Persistently Dancing for Hours

two snails on grey pavement in a city
Photo by Maksym Kaharlytskyi on Unsplash; licensed under CC0.


Luke fills his Gospel with images of persistence: Widows appealing to judges for justice, a woman sweeping her house to find a coin, a baker kneading masses of dough, a shepherd searching for a sheep, and, here in our lesson, a friend knocking on a neighbor’s door in the middle of the night. Over the last three years, we have had to learn persistence. We have looked within ourselves and asked what does it take to keep going in a world that, as Bob Dylan put it, “Seems sick and it’s hungry, it’s tired and it’s torn/It looks like it’s a-dying and it’s hardly been born.”1 As a resident of that kind of world, my dear reader, I ask: what does persistence look like for you? 

After years of Covid and other uncertainty, how do we keep going? I often use the word “slog”; a word that evokes trudging through a swamp, lifting one foot and putting it down in front of the other, not knowing the length of the journey or whether the next step will get us stuck in a hole. Often, when I think of persistence, I think of manual labor: digging trenches, scraping a house to paint it, all of those tasks that cause us to sweat and leave blisters when we’re done. I am sure that God has called us to that kind of persistence during these times, but I sometimes wonder: what if there’s another persistence, a persistence rooted in something other than monotony? 

In reading through the text for this week in the recently published First Nations Version, I was delighted by the imagery that the translator called upon. In Luke 11:9-10, he translated: “So, keep dancing your prayers, and the way will open before you. Search for the ancient pathways, and you will find them. Keep sending up your prayers, and they will be heard. Answers will come to the ones who ask, good things will be found by the ones who search for them, and the way will open before the ones who keep dancing their prayers” (Italics original). What an image, dancing our prayers; not scraping paint or digging ditches, but dancing! 

Now let’s be clear: dancing can be hard work. I have too many friends who dance professionally and I took too many dance classes as an undergraduate to think otherwise. I shake my head at the way in which dancing so often carries a flavor of frivolity with it in the American context. There is, of course, a long history behind this characterization, a history that reaches back to pietism and revivalism. My father’s side of the family has roots in the early-20th century Norwegian Inner Mission movement; he remembers that his grandfather, a Lutheran pastor, looked down upon “Drikk og dans og snus og brus” [Drinking, dancing, chewing tobacco, and excess]. With that heritage in mind, the First Nations Version, rooted in the traditions of the indigenous people of North America, comes as a breath of fresh air: Persistence in prayer, but persistence as dance. This image of dance, though rooted in Native culture and practice, resonates in the traditions of the Old Testament; it brings to mind David dancing “before the LORD with all his might” (2 Sam 6:14) or the Psalmist’s proclamation that God will “turn our mourning into dancing” (Psa 30:11).

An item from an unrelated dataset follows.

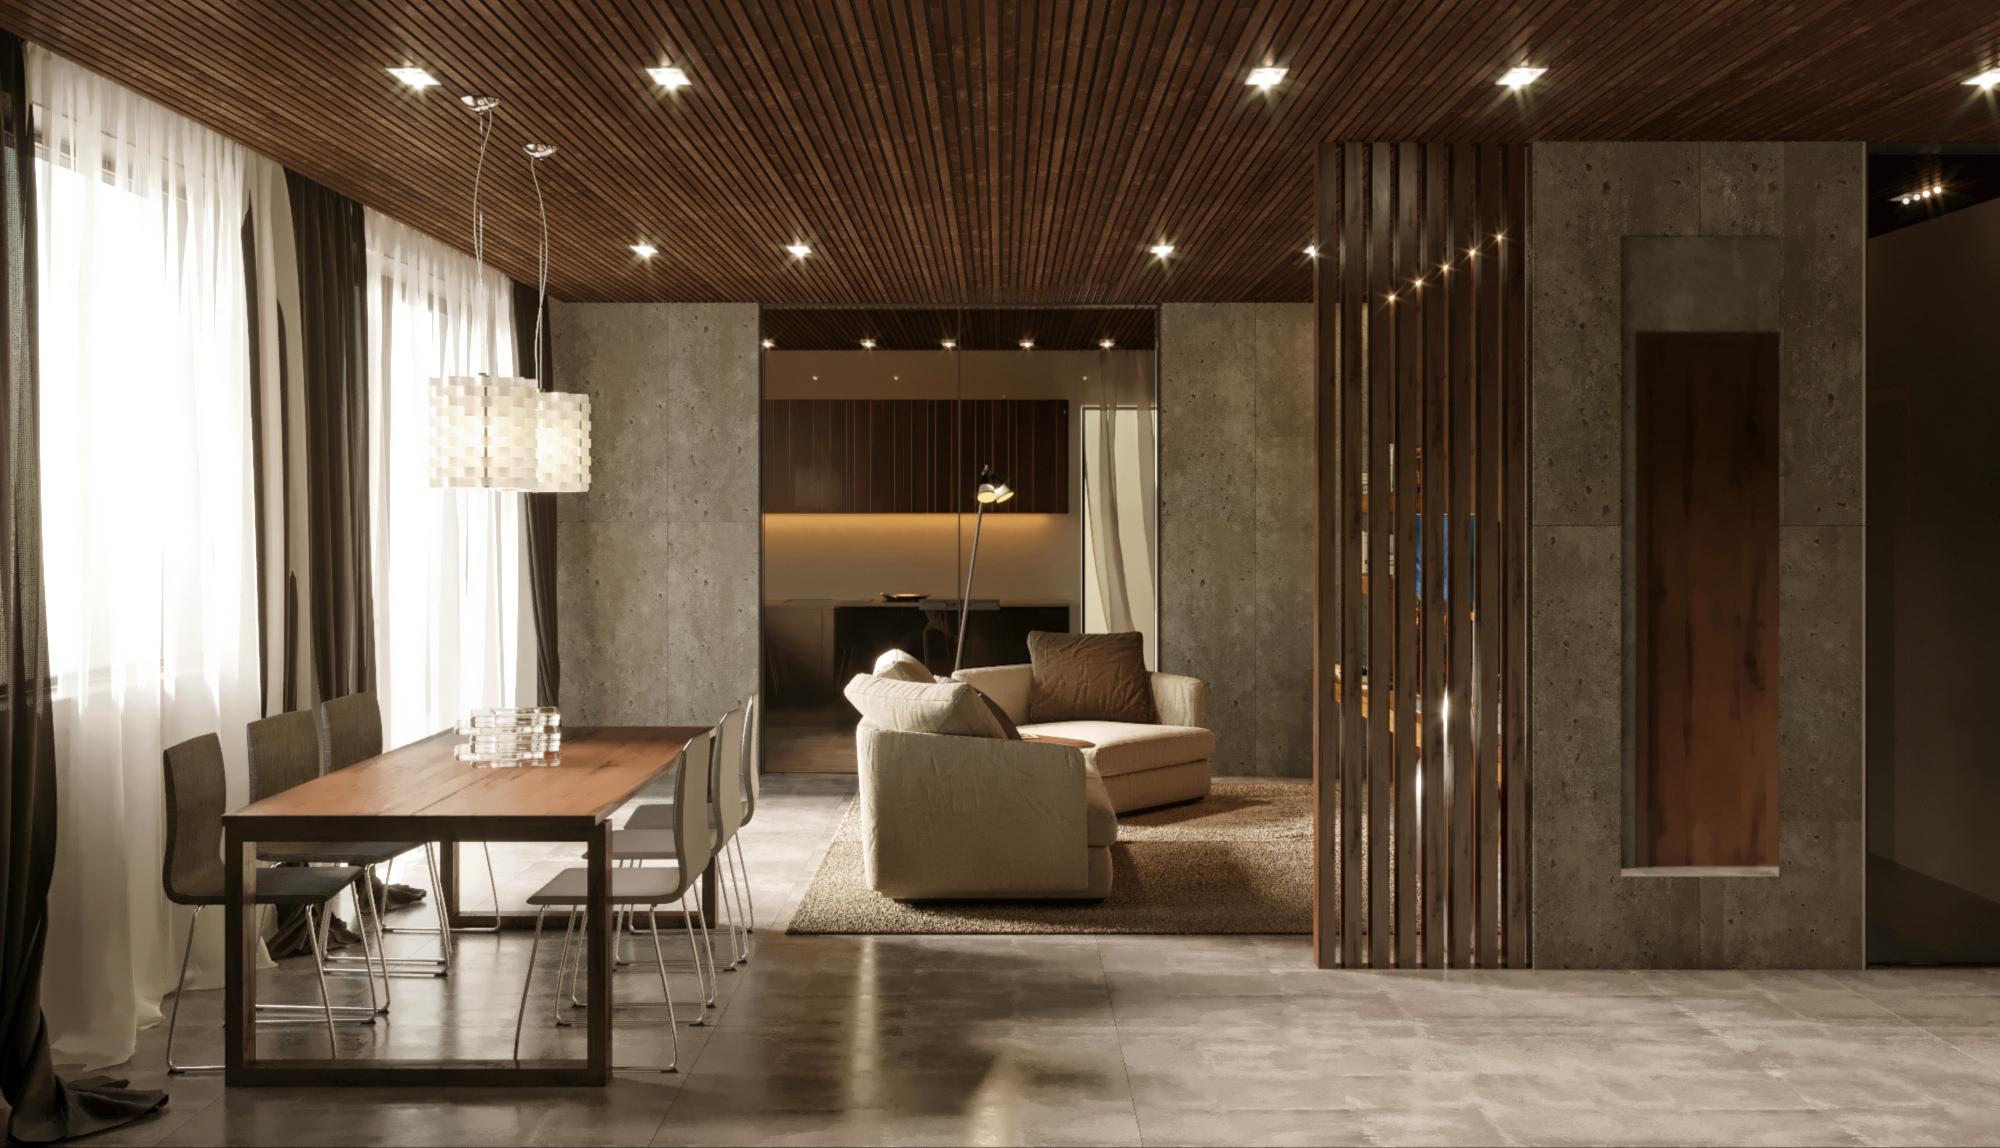 Progettazione interni di design la qualit solo su misura for Architetto interni
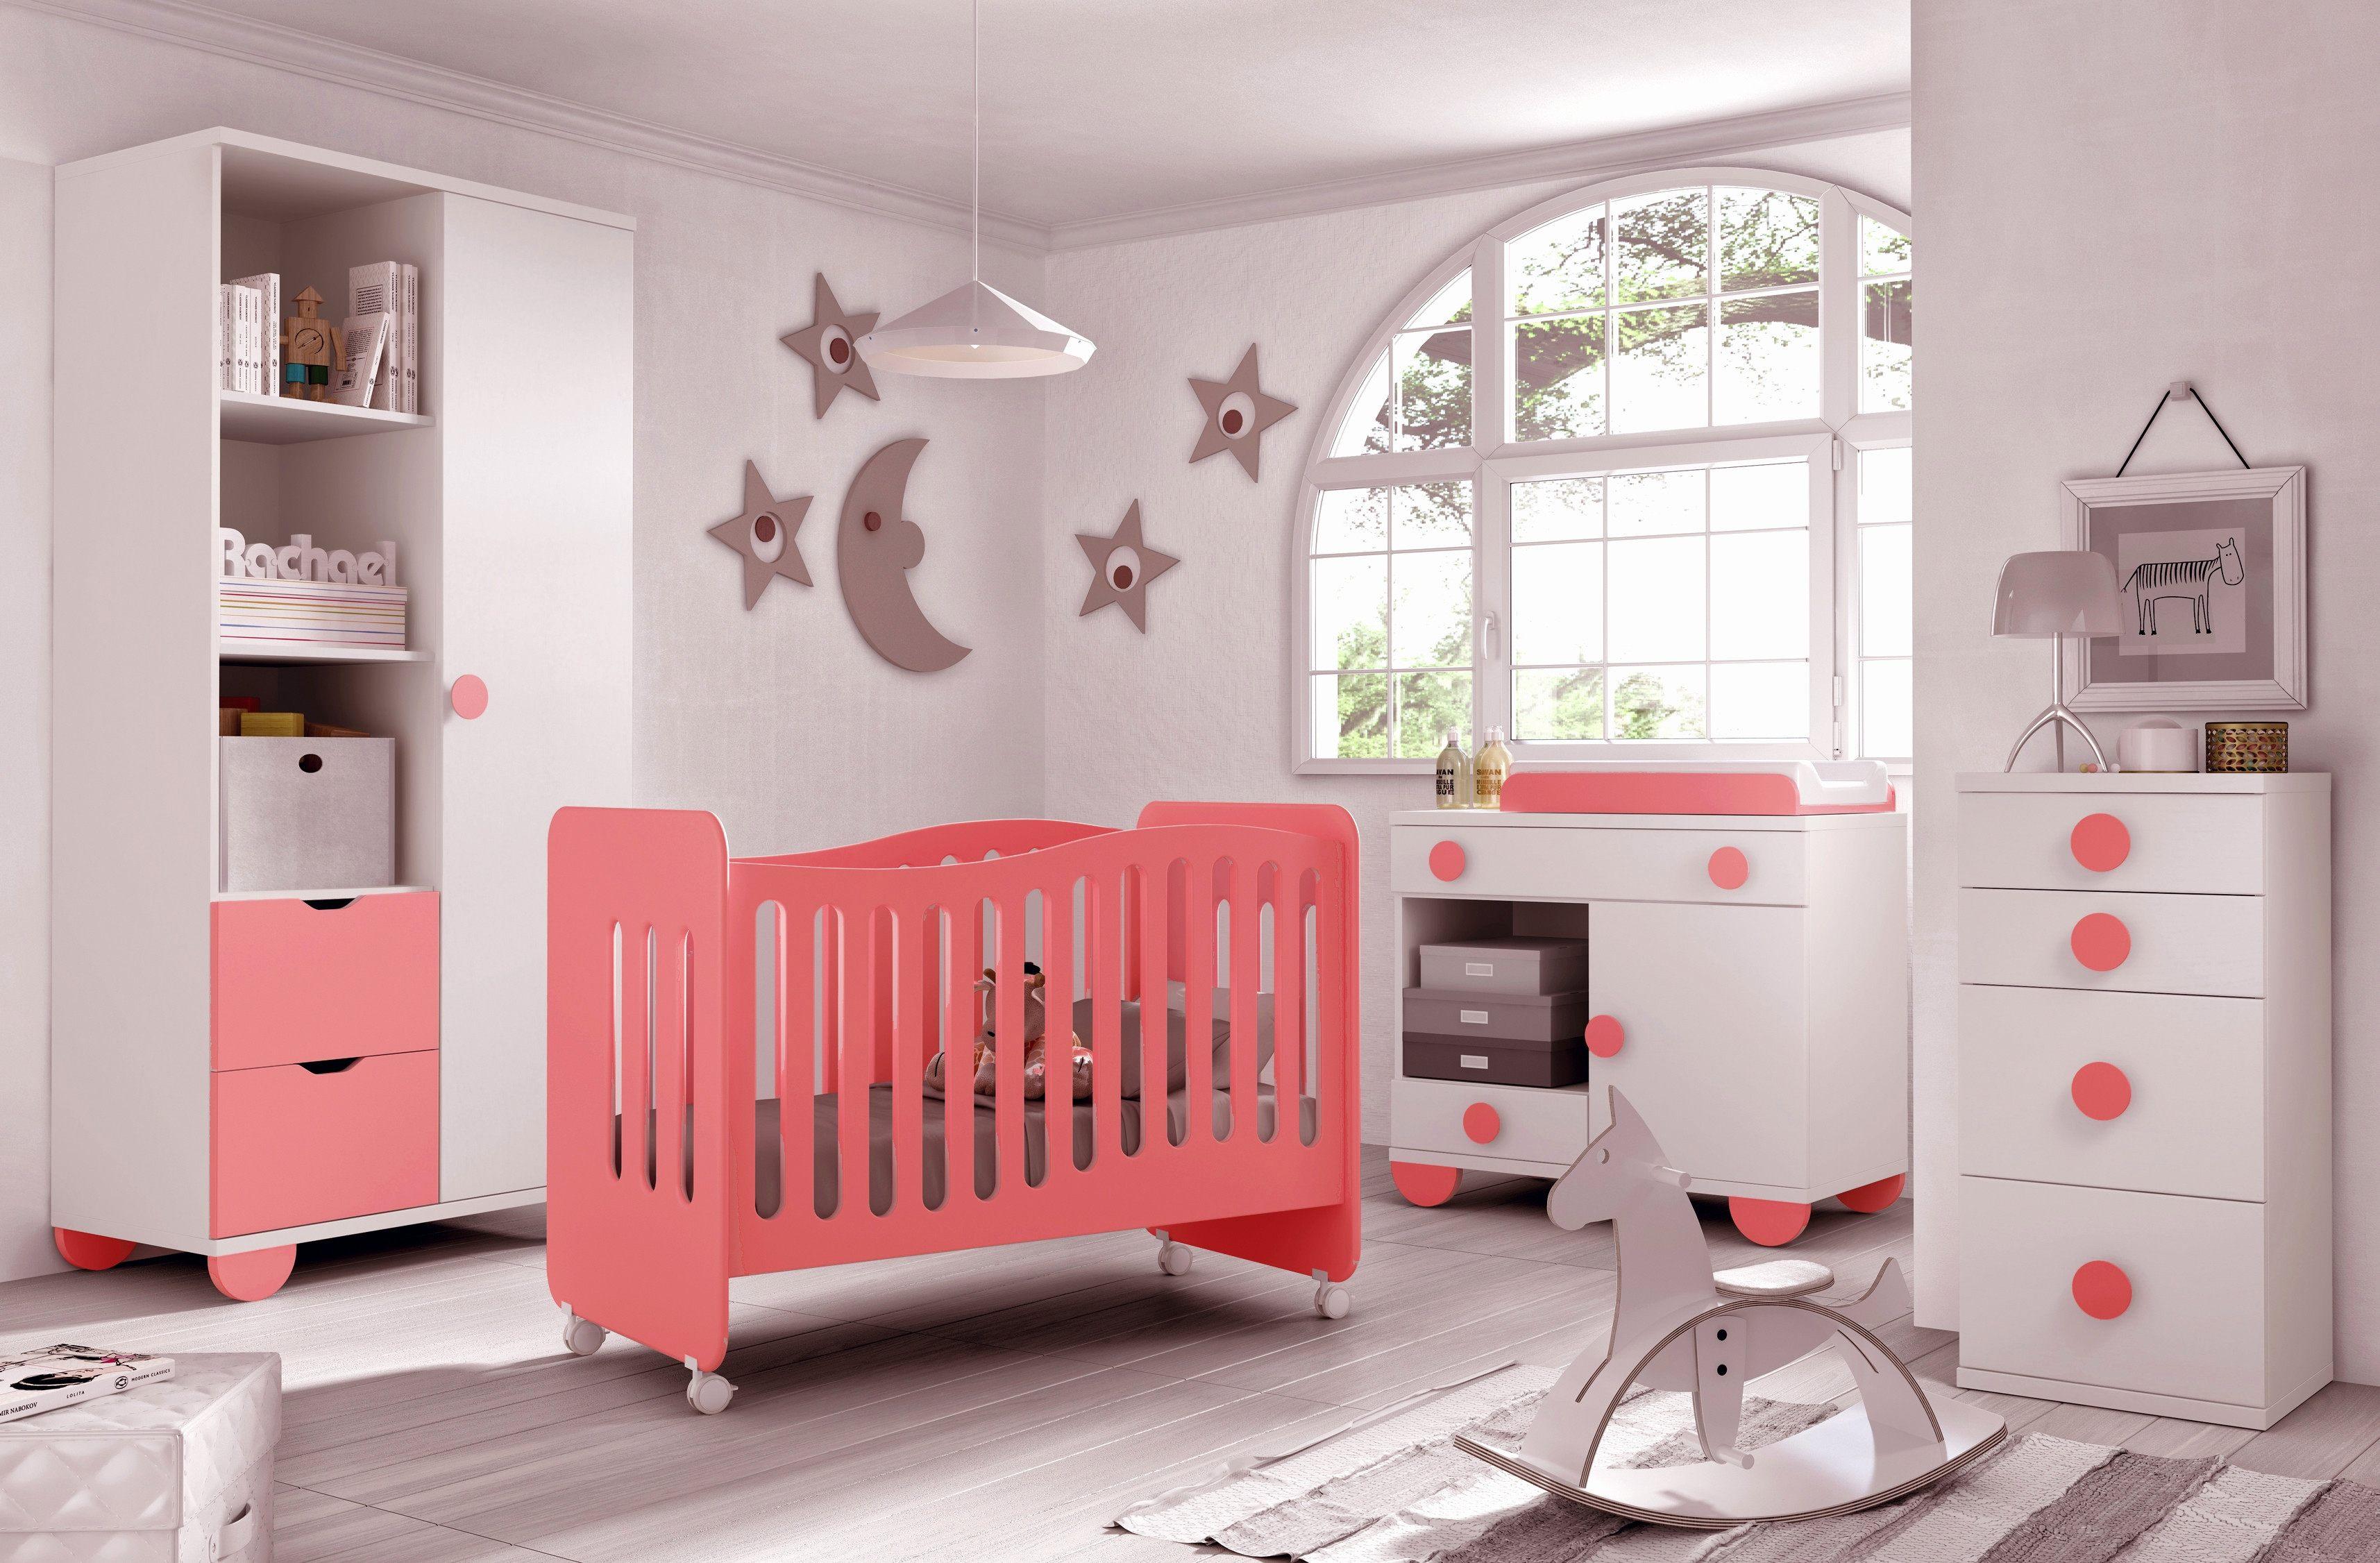 Meilleur Lit Bébé De Luxe Meuble Chambre Bébé Tapis Chambre Bébé Best Parc B C3 A9b C3 A9 Gris

Perhaps, my dear reader, you have never danced for hours on end (and if you have not, I can only hope and pray that you have the opportunity to do so soon). To be sure, just like scraping paint, dancing for hours makes you sweat and builds callouses. But one of the things that sets dancing apart is the way that the music and the people that you dance with can sweep you into a flow that keeps you going far longer than you thought possible. Instead of repetition, there is variation of movement and beat, and, most importantly, the energy that you draw from the people around you. When you dance in a crowd, you dance in concert with and reaction to so many other bodies. 

Imagine now if we learned the persistence to keep “dancing our prayers” until the way opens for us. Instead of just repetition, we might learn variation and flow in our prayers. Instead of sweating in solitude, we might learn to see ourselves dancing in the great cloud of witnesses, lifting up our prayers together with all believing Christians. As Martin Luther put it in his work, “A Simple Way to Pray”: “Never think that you are kneeling or standing [or might I add, dancing!] alone, rather think that the whole of Christendom, all devout Christians, are standing there beside you and you are standing among them in a common, united petition which God cannot disdain.”2 That thought of being swept up into the rhythms of the great cloud of witnesses leads to one last beauty of the imagery of dancing our prayers. Perhaps in learning to dance our prayers, we may learn to lose ourselves in the midst of that prayer. That could mean many things, but I have in mind the way that dancing can bless our sense of time, so that we look up and realize that hours have gone by. What a joyous persistence that could be; instead of counting the minutes until our persistence ends, we might instead realize that our persistence itself constitutes the rhythms of the Christian life. And so, dear working preacher, let me leave you with the words of the First Nations Version once more: “So, keep dancing your prayers, and the way will open before you…the way will open before the ones who keep dancing their prayers!”